Selectmen have re-worked the request for proposals and are re-advertising as well as meeting with Effingham selectmen to possible enter into a partnership with that town for the new ambulance contract. Currently, CarePlus has agreed to continue serving the emergency medical needs of Ossipee on a month-by-month basis until April. This gives selectmen more time to negotiate and sign a contract. After the last bid period closed, selectmen were left with two bids that each included a variety of possible options and ranged in process from $600,000 to $900,000, quite the jump from the 2013 town meeting-approved $199,992 for ambulance service. Madison selectmen sent a letter inviting Ossipee to join in the discussion as they revamp their ambulance contract along with Tamworth and Freedom. Ossipee selectmen, however, have declined this invitation.

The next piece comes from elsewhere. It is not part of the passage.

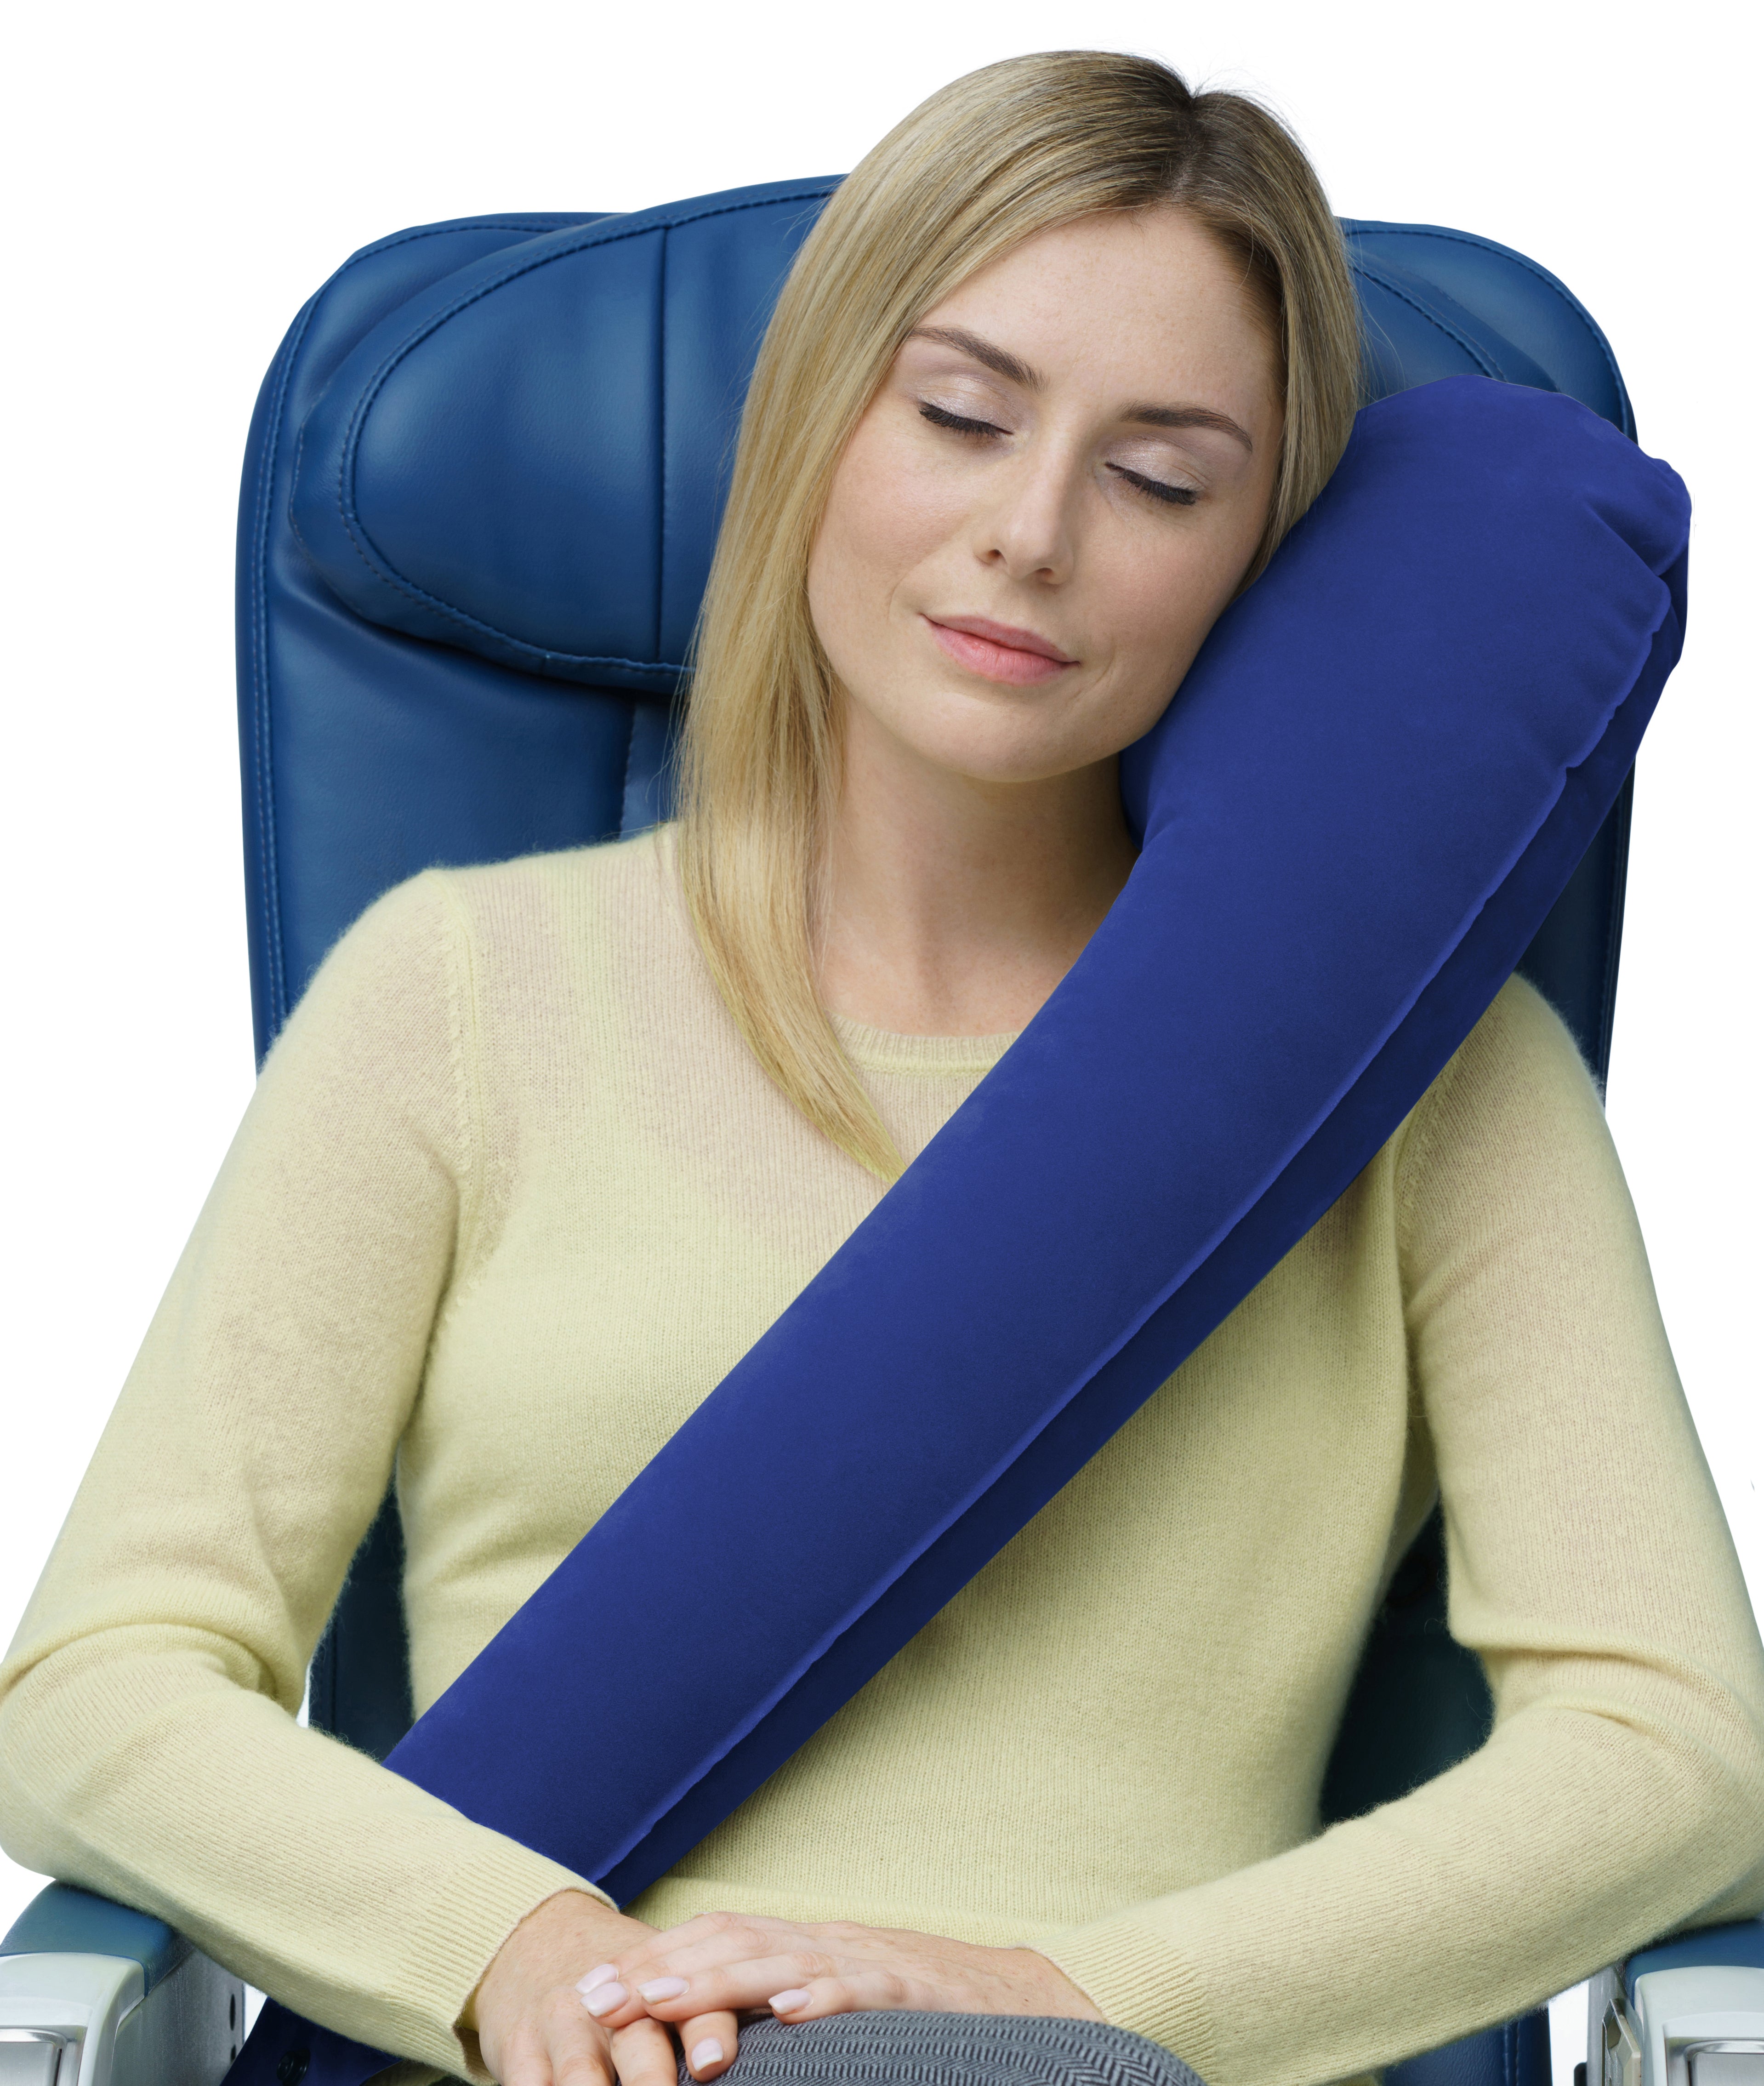 melbourne airport travel pillow

There was $1,381.23 in unpaid taxes at 1 Jude Boulevard so selectmen voted earlier this year to take the property. On that property of less than an acre sits a house that was gutted by fire in Sept. 2008. After the fire, the owner abandoned the property and it has become an eyesore and selectmen have been urged by residents and others to clean it up. What it would cost the town to clean it up is in the $12,000 to $13,000 range plus dumping fees, according to Ossipee Public Works Director Brad Harriman. Merrow said what will likely happen is the property will eventually just go out to bid, sold "as is."

Selectmen took a moment to reflect on the public service of N.H. Executive Councilor Raymond Burton, who died Nov. 12 following a long battle with cancer. Morgan said that he worked with Burton to address "dozens and dozens and dozens of issues" and Burton's shoes are un-fillable.

Ossipee resident Jim Fitzpatrick who took the reins of Ossipee Old Home Week Committee earlier this year and helped steer that organization back on track has agreed to take on economic development. According to selectmen, Fitzpatrick has agreed to gather individuals and drum up interest for the work of the town's economic development committee.